The Bernanke Bailout: 4 Videos From Federal Reserve Chairman Ben Bernanke's Testimony Before The House Financial Services Committee Feb. 24-25. Includes a 7 minute Ron Paul Attack

B-52 Bernanke was back in front of Congress Tuesday and Wednesday testifying in front of the House Financial Services Committee.  You know it's been a long day when Representative Maxine Waters starts to make sense, and very un-true to form, her question is almost comprehensible in the above clip. 

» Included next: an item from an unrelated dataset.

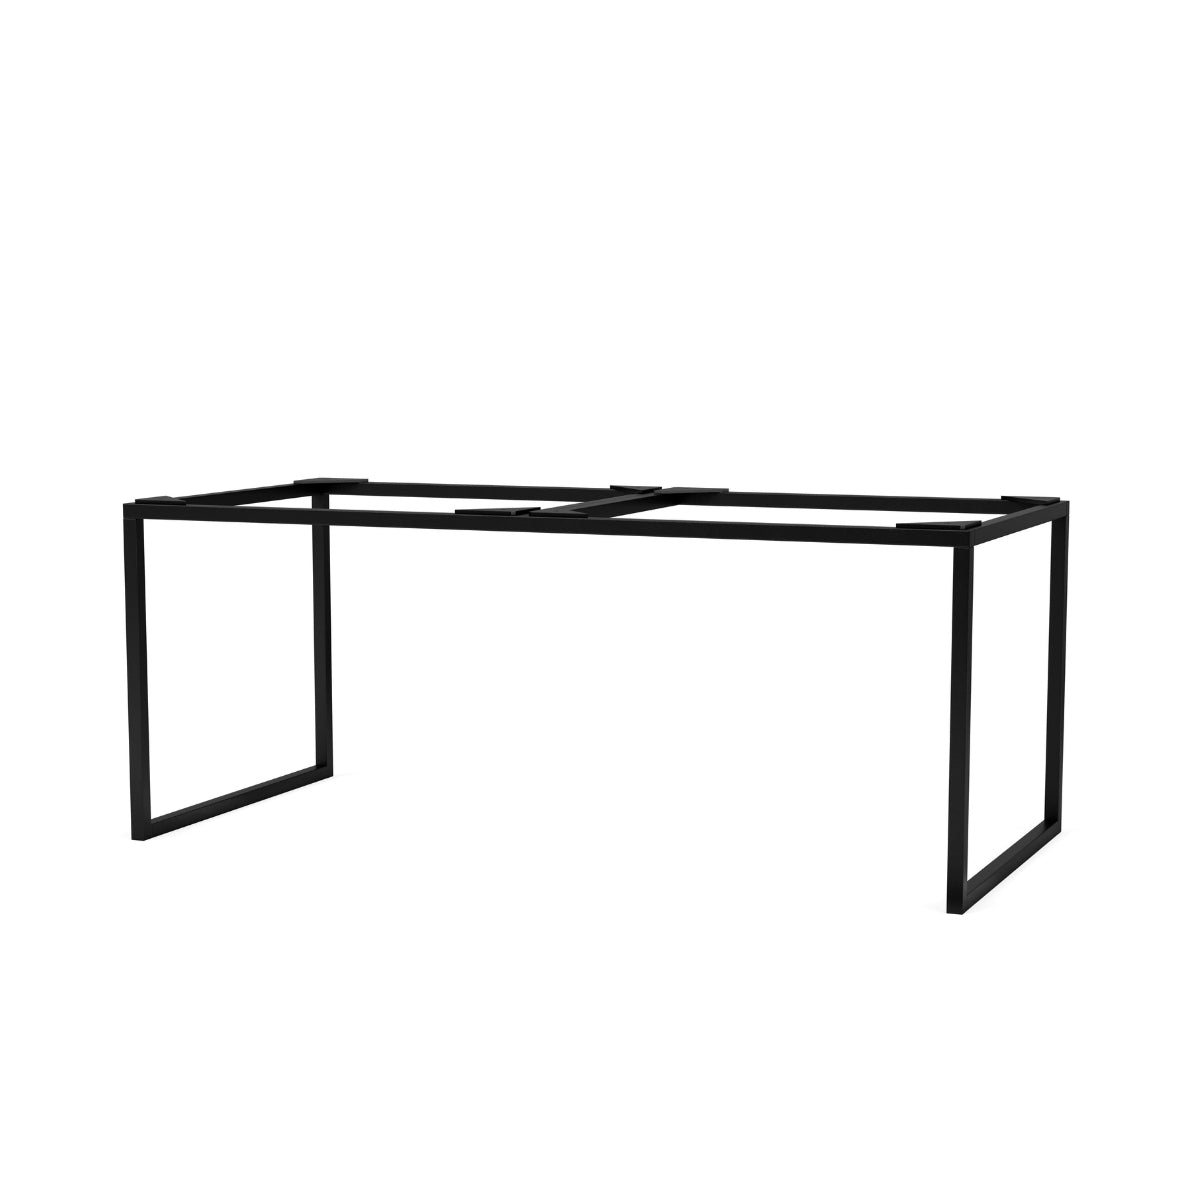 Audo Copenhagen | Double base for Frame 35, height 28 cm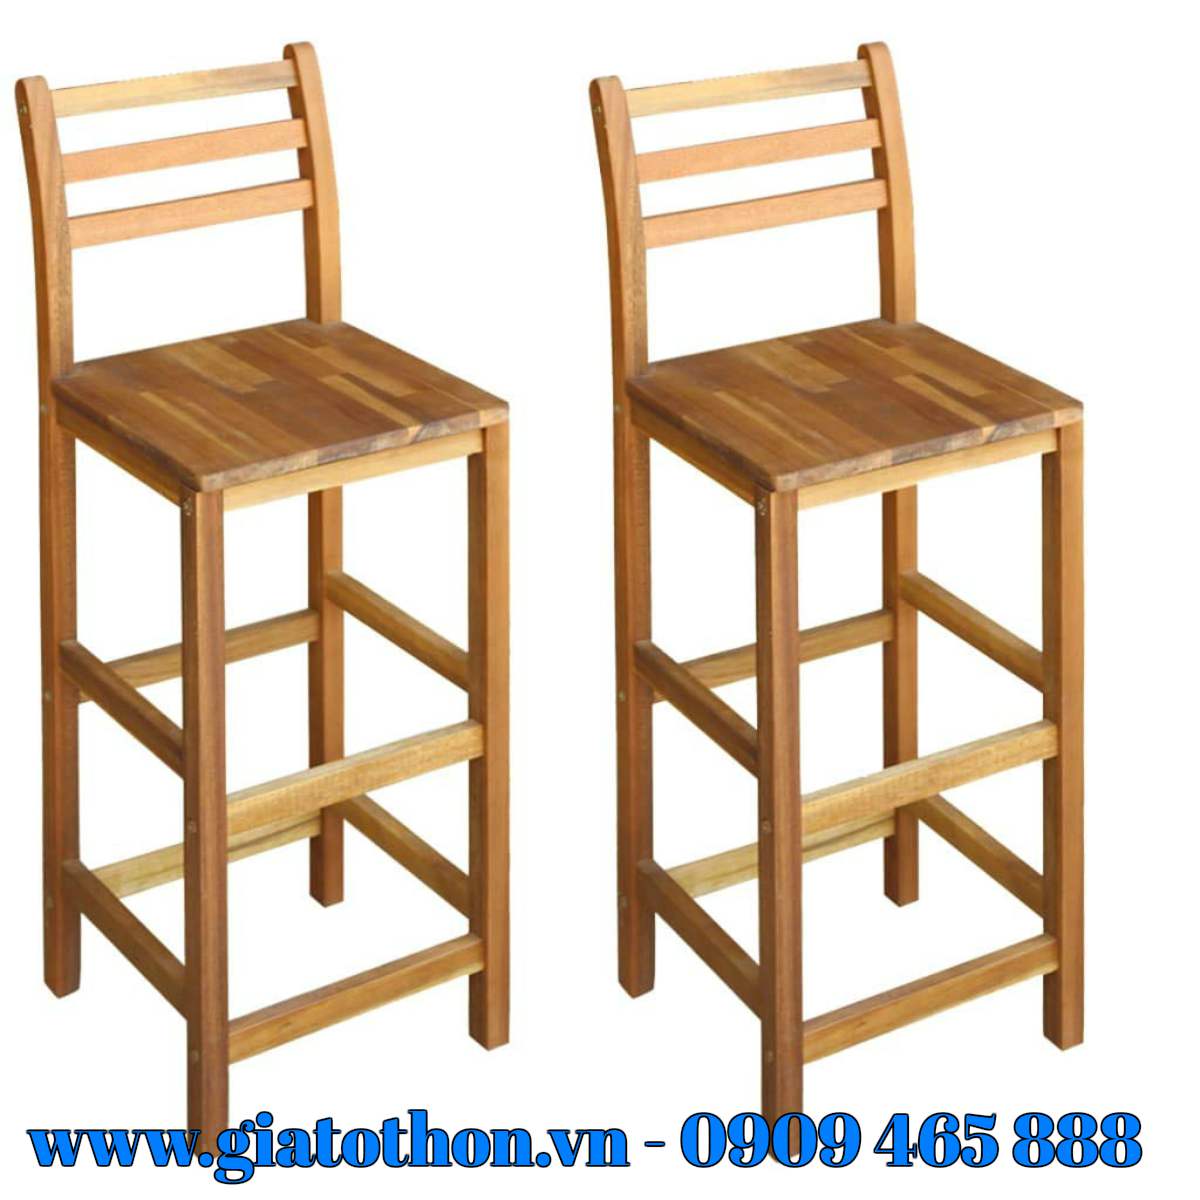 cơ sở sản xuất ghế bar chân cao mặt gỗ tại tphcm, cơ sở sản xuất ghế bar mặt gỗ uy tín, ghế bar chân gỗ, ghế bar chân gỗ cá tính

After the jump we have Congressman Ron Paul asking B-52 what it would take for him to realize that his approach to solving the crisis were in fact incorrect.  Bernanke mumbles something about data points and deftly avoids the question.  Paul and Brad Sherman both make mention of the Fed's $10 trillion in bailout committments and wonder why they haven't helped.  B-52 just smiles and mentions the special bailout arsenal he keeps in his office: the Federal Reserve printing press and a tattered paperback copy of 'How to Lose Friends and Not Influence Anyone.'

I wonder how Bernanke feels about Ron Paul personally.  Paul blames the Fed for everything including melamine in moist dog food, so it's always interesting to watch the body language and interplay between these two.

There are 3 more videos inside: 2 from the ever-smiling, fed-loathing Paul including a post-hearing video delivered from his office, as well as the Brad Sherman clip mentioned above.  These are the 4 best looks from the two-day hearing.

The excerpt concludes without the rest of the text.